# Advice needed - trying to change my hoods - Madone



## locomoto (Aug 28, 2009)

I just changed my left hood and found it to be a small pain as I had to undo my front brake cable and take the hood off through that. Now for the right hood. I'm finding this to be a real pain. Do I really have to take the entire rear brake cable out of the routing through the frame or is there a more simple way? I'm a bit dumbfounded how difficult this seemingly easy task is. You'd think you could take the piece off in the actual brake lever component that connects to the end of the cable, but I can't see how you can take that off? This seems way more difficult than it should be. Any advice would be greatly appreciated!


----------



## zac (Aug 5, 2005)

Maybe you could tell us what shifter/brake levers you have, that would certainly help.


----------



## locomoto (Aug 28, 2009)

zac said:


> Maybe you could tell us what shifter/brake levers you have, that would certainly help.

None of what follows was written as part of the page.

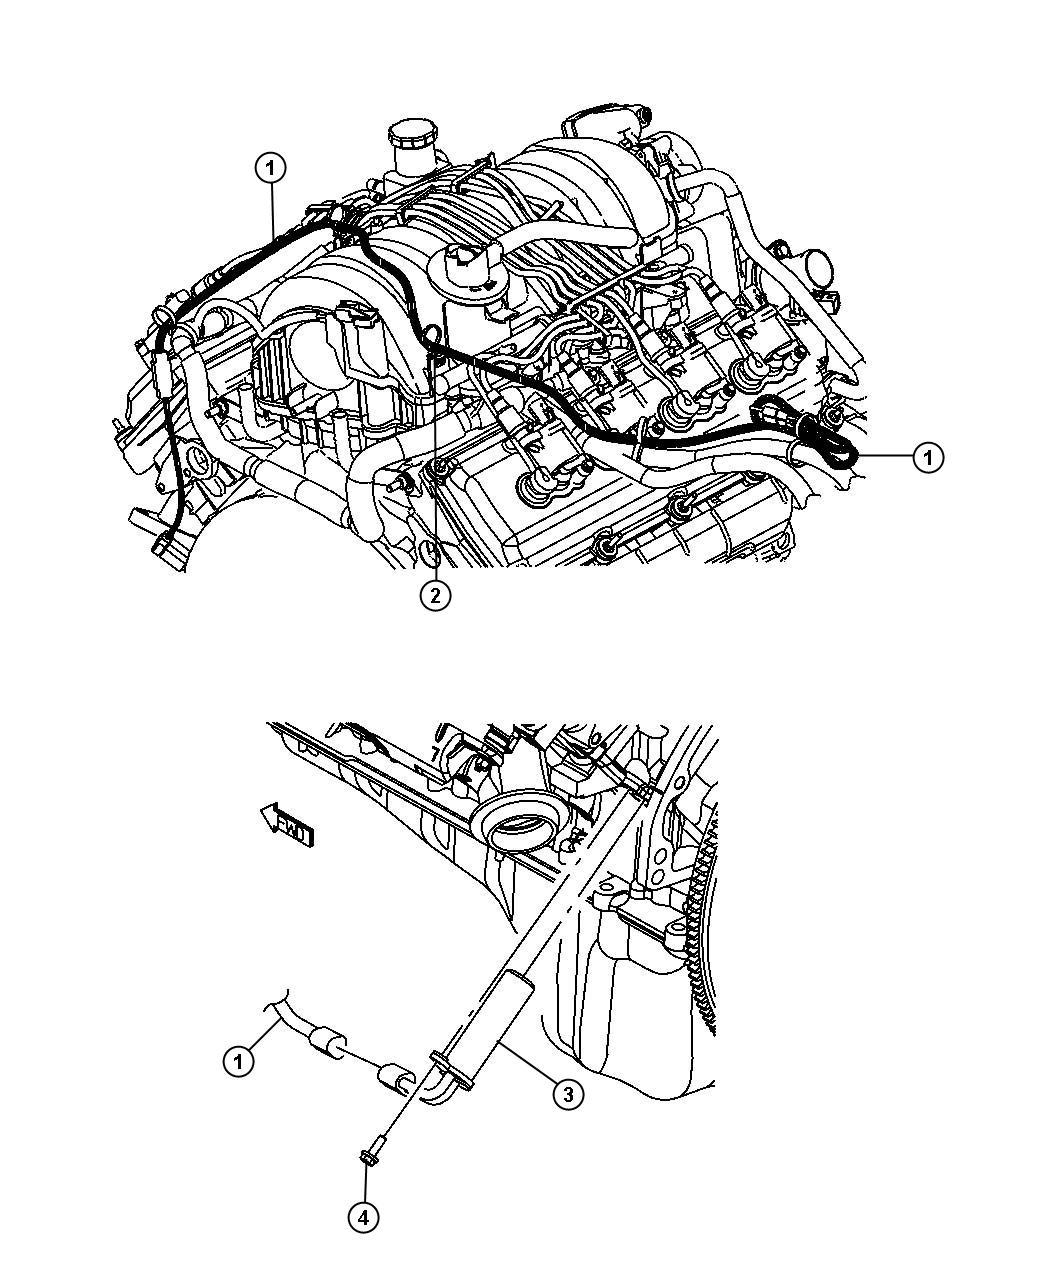 Dodge Charger Rwd Str8 6 4l V8 Srt Hemi Mds 5 Speed Auto W5a580 Engine Cylinder Block Heater 6

I have shimano ultegra. Its a 2009 trek madone 5.2 with stock components.


----------



## zac (Aug 5, 2005)

I am assuming that you have Ultegra 6700 with the hidden cables.

Yes they are a ***** to change out. 

I strongly advise against trying to disassemble the lever. Not only is it not user serviceable, it is not even shop serviceable. There are scores of tiny parts in that thing.

I am also assuming that you are probably putting on Hudz or something.

The easiest way to replace the hoods are to remove both brake and derailleur cables, then take the lever off the bars. Pull the hood over the front knob then back off the palm rest part of the lever. It is very difficult to pull them off over the knob and then down over the shifter paddle and brake lever. Heating it first will make the job easier. A couple minutes with a hair dryer on high heat may help. Also before installing the new hood, drop it in a pot of very hot water for a few minutes.

Before you attack the cables though, download the Shimano tech documents for the front and rear derailleurs, the brakes and the STI levers from their website. http://techdocs.shimano.com/techdocs/index.jsp While they are not difficult to set up, the tech sheets should be referred to in doing so.

As to feeding the rear brake cable through the top tube of your Madone. Remove the rear grommet on the frame. (The one on top left side near the seat mast.) Pretty sure you need a T-10 torx driver for that. But a 3/32 hex allen wrench works too. With the grommet gone it is very easy to feed the cable back through and fish it out of the hole.

HTH
zac


----------